An official from Canada’s second-largest pension plan today warned US legislators against introducing rash, protectionist laws aimed at curbing sovereign wealth fund involvement in private equity.
Canada Pension Plan Investment Board’s chief executive officer David Denison called for politicians to look “beyond the labels” of sovereign wealth and realise its importance to US economy.
He said pension funds such as the CPPIB, which managed C$119.4 billion ($121 billion) at the end of 2007 for 17 million Canadians, were increasingly reliant on the free flow of cross-border capital owing to the country’s economic size and demographics.
Denison also said many pension funds could be caught out by legislation targeted at sovereign wealth because, as in CPPIB’s case, they were set up by governments.
This bill would be a blow to the retirement security of teachers while doing nothing to ensure a better world.
Dana Dillon, CalSTRS chair
“Although we have the word `Canada’ in our name and were created by an act of Parliament … [we are] in short a familiar private sector model, but with public accountability,” he told the House Financial Services Committee’s special task force on sovereign funds.
Denison’s testimony comes as a California legislators are set to debate a proposed bill, AB 1967, that would prevent the US’ two largest pension schemes, the California Public Employees’ Retirement System (CalPERS) and California State Teachers’ Retirement System (CalSTRS), from investing in private equity funds and firms partially or wholly owned by some sovereign wealth funds. At issue is sovereign wealth funds with links to countries that have not signed at least five of six international treaties on human rights.
At its investment committee meeting today, CalSTRS’ board voted to oppose the legislation due to its negative fiscal impact and restriction of the board’s investment authority.
“This bill would be a blow to the retirement security of teachers while doing nothing to ensure a better world,” Dana Dillon, CalSTRS’ board chair and a California schoolteacher/librarian, said in a statement. “We have a strong record of addressing these issues in our investment decisions. Our geopolitical risk policy is the first of its kind among US pensions. AB 1967 may be well intentioned, but is a dead wrong solution.”
Introduced in February, the legislation, if passed, would prevent CalSTRS and CalPERS from investing in the likes of The Carlyle Group and Apollo Management, both of which have sold stakes in their management companies to Abu Dhabi government funds. CalSTRS estimates that its inability to invest in these managers would result in a five-year revenue loss of at least $1.5 billion and as much as $5 billion.
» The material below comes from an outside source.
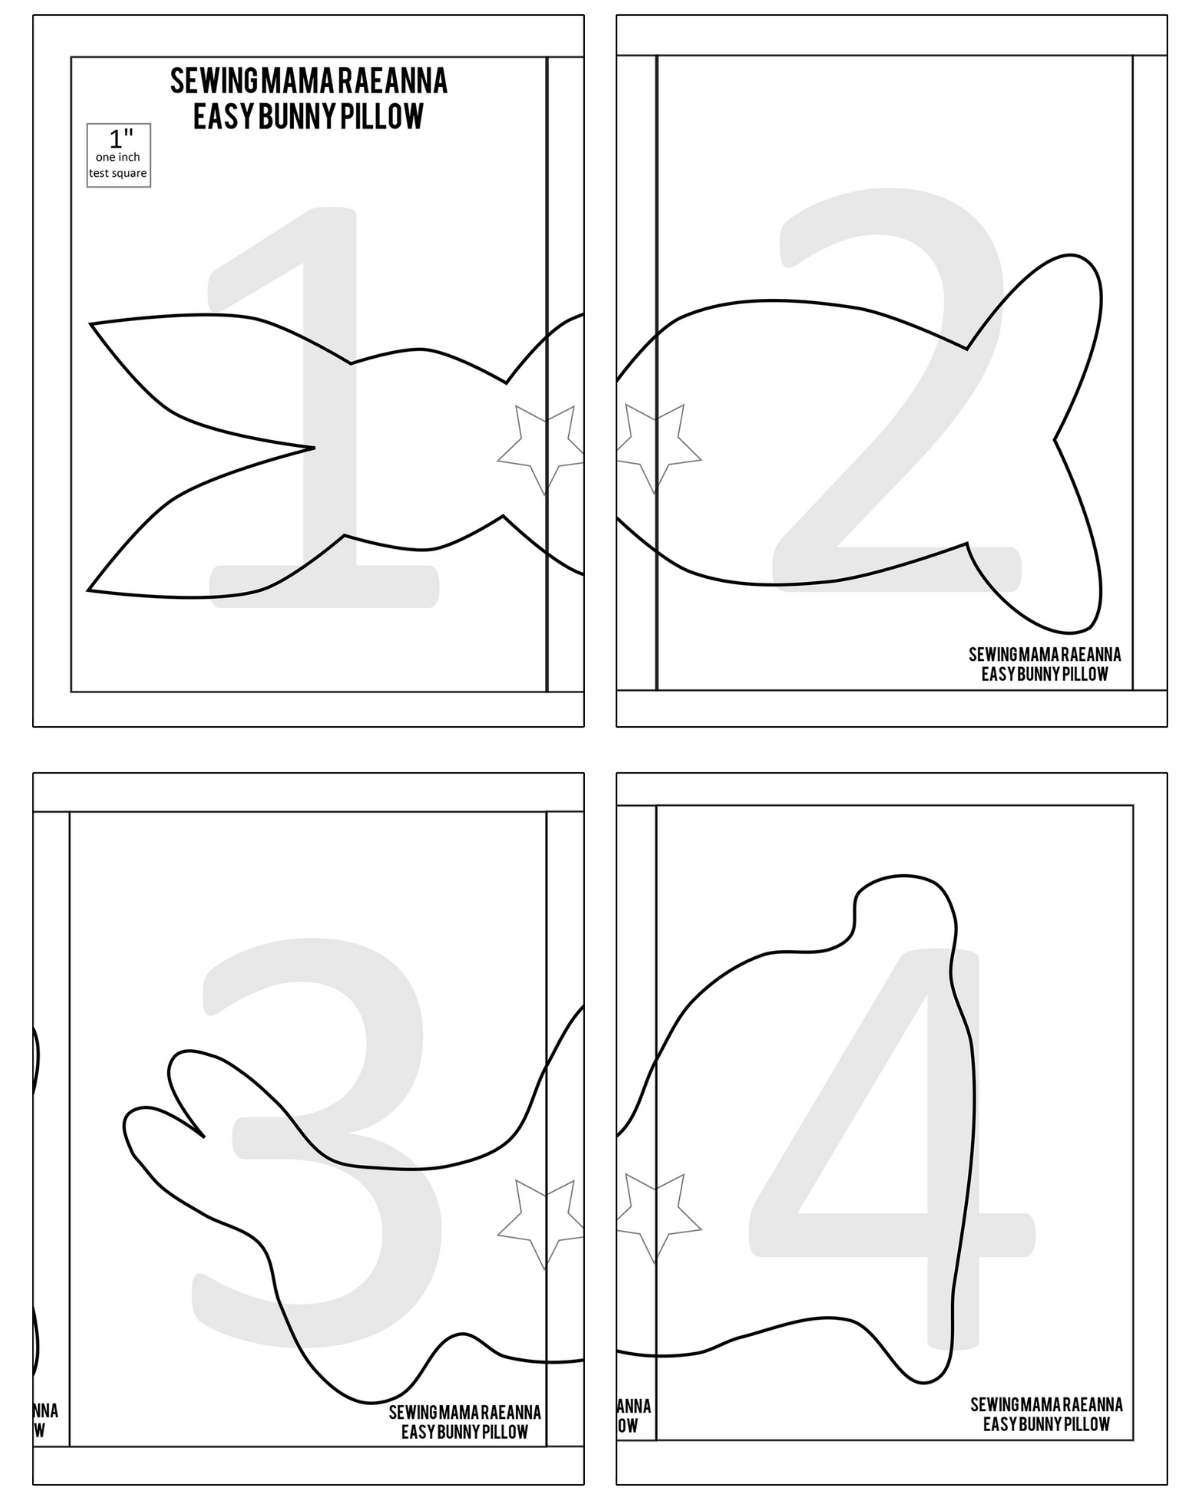 Image of 4 printable pattern pieces as they look if you print them.

And, noted a CalSTRS staff report, at least three other top tier private equity firms are also close to selling stakes to sovereign funds, with staff expecting as many as seven firms to do so in the future.
“We can’t eliminate the portfolio’s best performers by banishing the top-tier private equity firms,” Jack Ehnes, CalSTRS chief executive, said in a statement. “This bill ignores the realities of the global financial marketplace where sovereign wealth funds are passive investors in a growing number of the most attractive investment opportunities in the world.”
CalPERS is slated to discuss the legislation on 17 March; a spokeswoman told PEO staff is still analysing the bill's potential impacts.
Industry group the Private Equity Council has said they are opposing the bill.